- **RECORDED INFORMATION**

============================================================

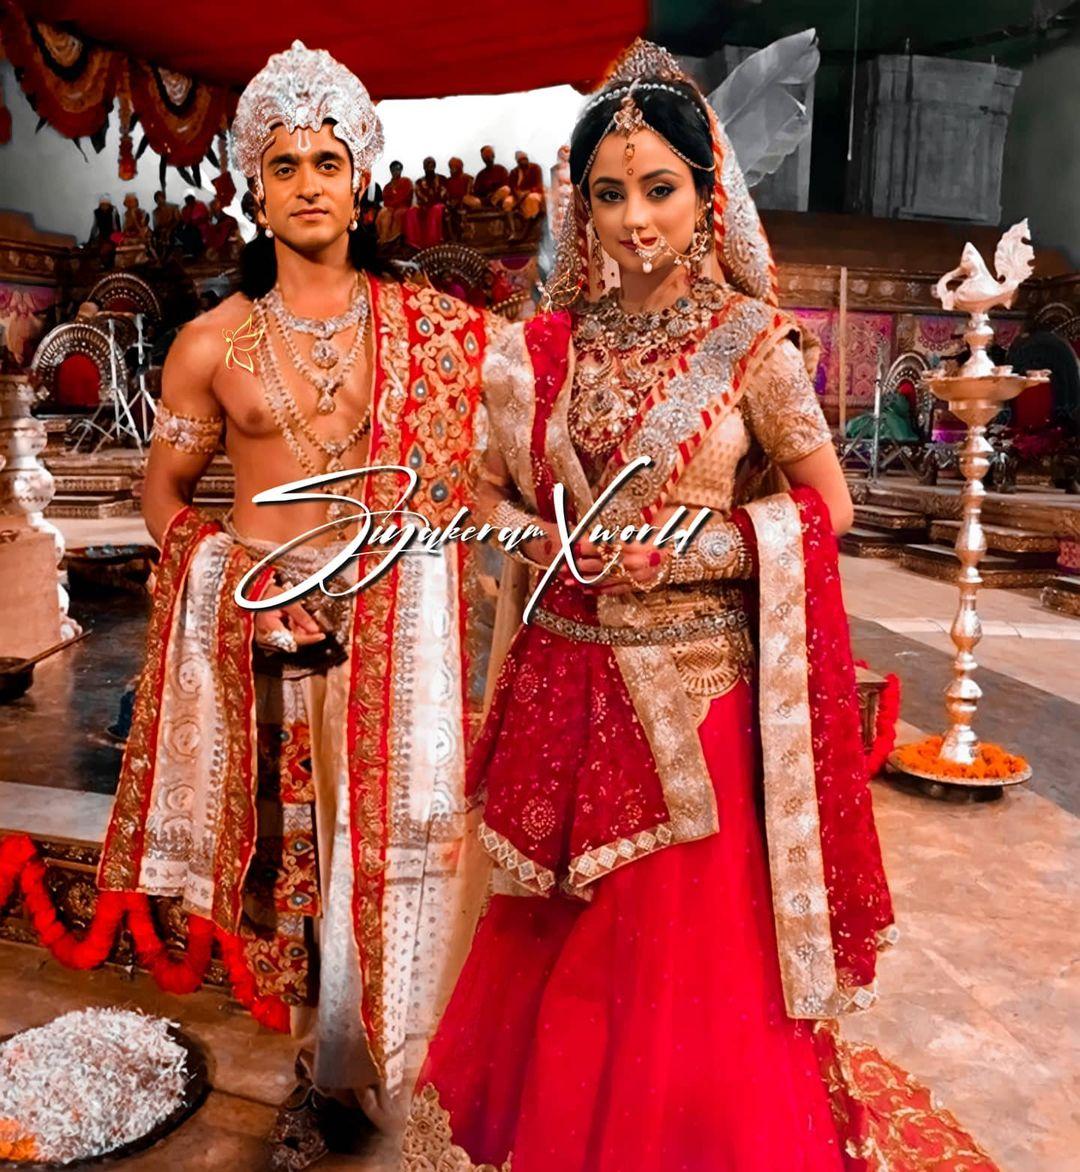 Siya Ke Ram Romantic Images
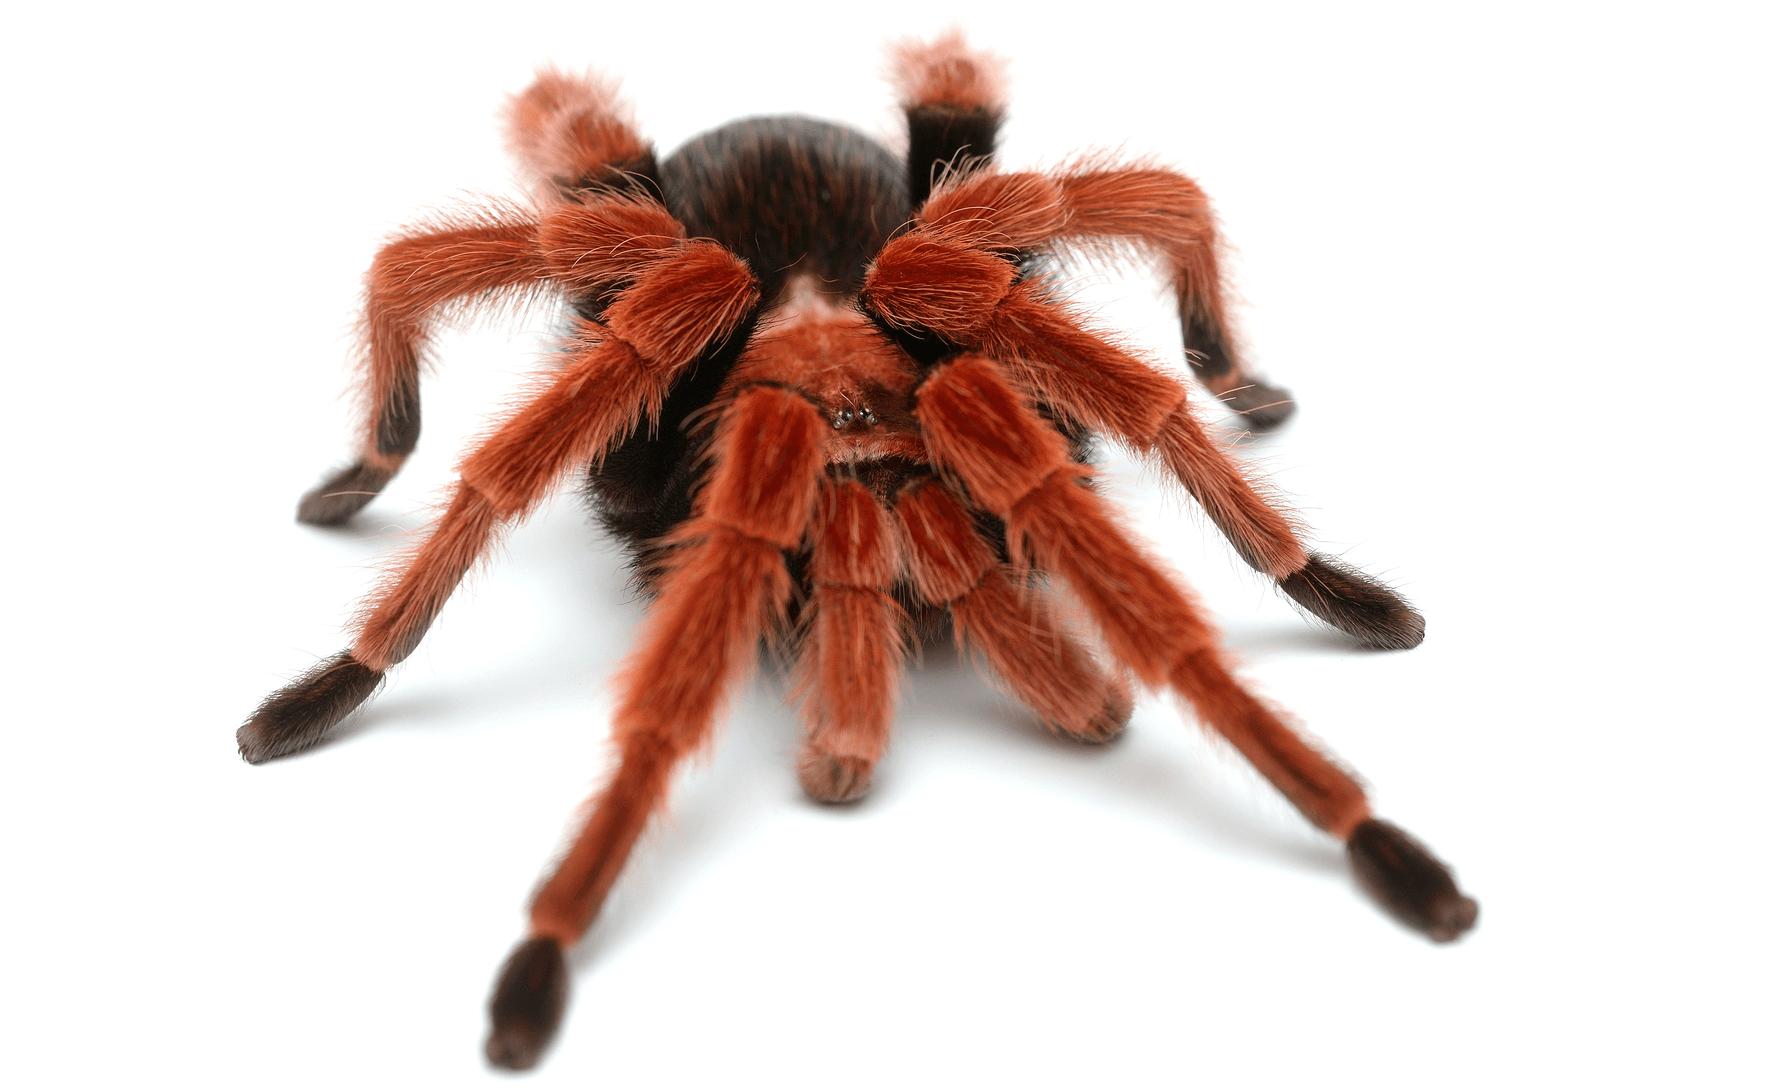 Do male tarantulas die early?
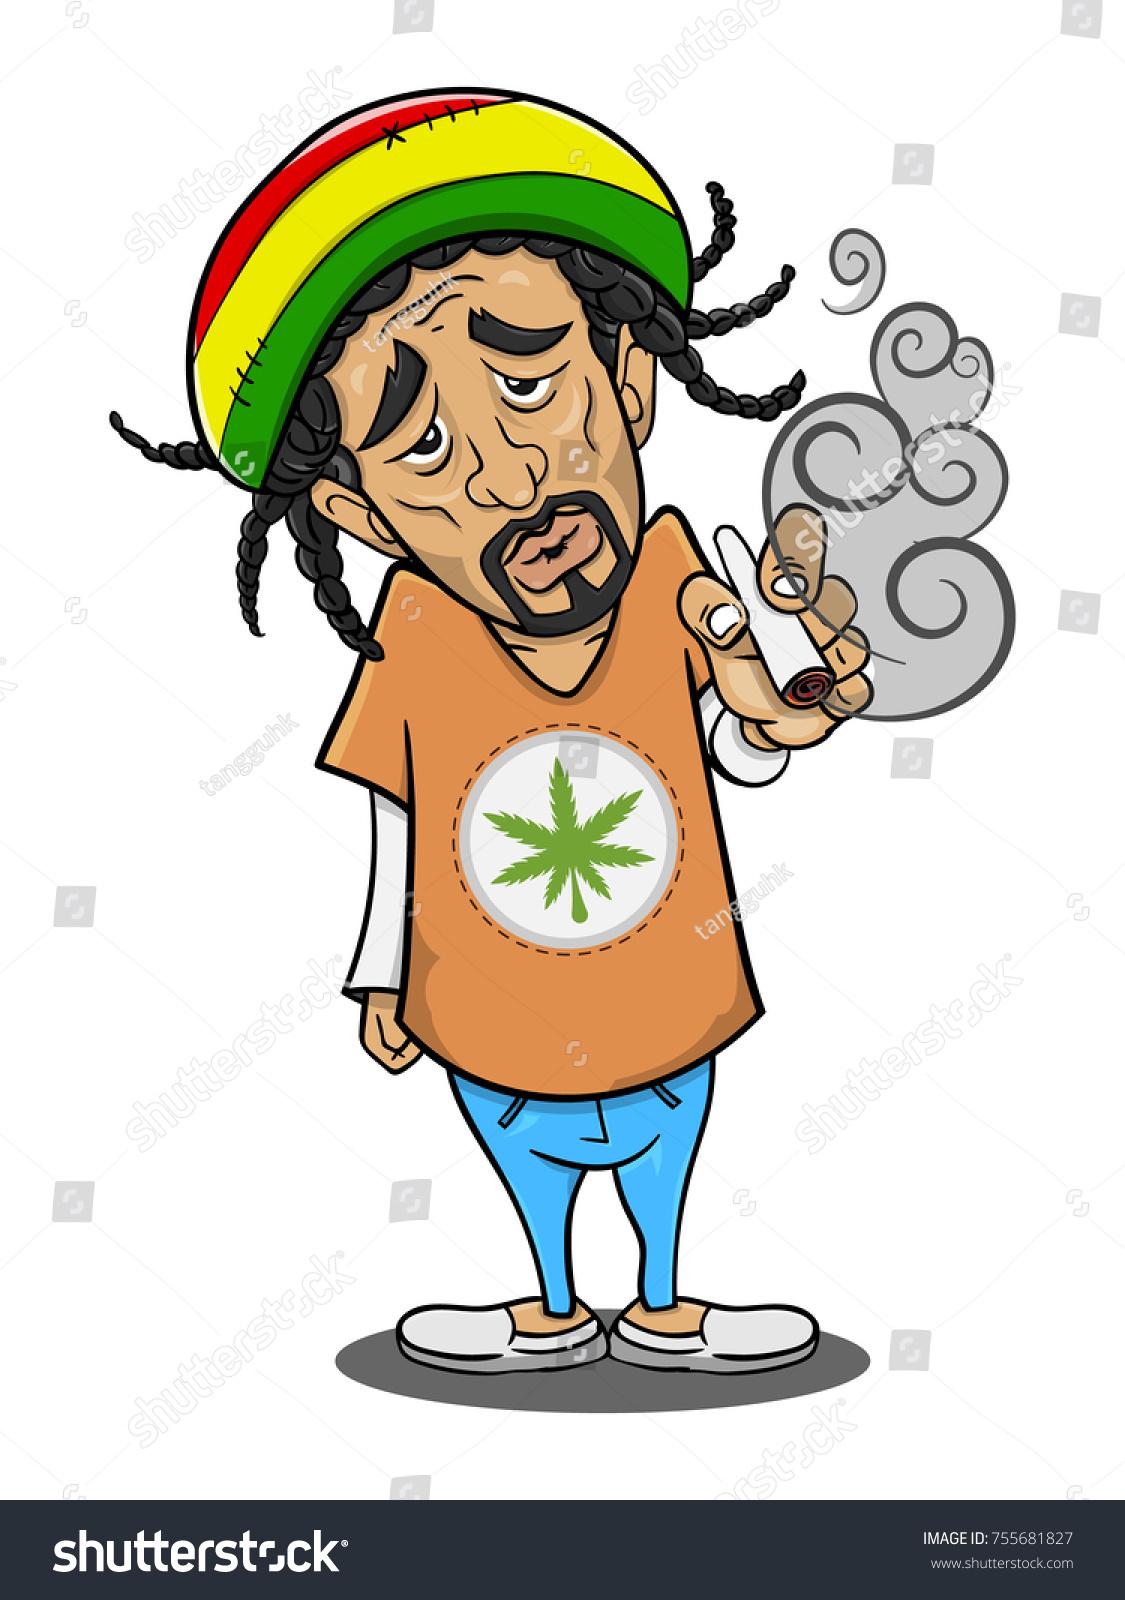 Man Smoking Cannabis Cartoon Vector Stock Vector Royalty Free

============================================================

- **EXERCISE GOAL**
Go through the listing above and retype it exactly, skipping every picture.

- **SOLVED EXERCISE**
 Siya Ke Ram Romantic Images
 Do male tarantulas die early?
 Man Smoking Cannabis Cartoon Vector Stock Vector Royalty Free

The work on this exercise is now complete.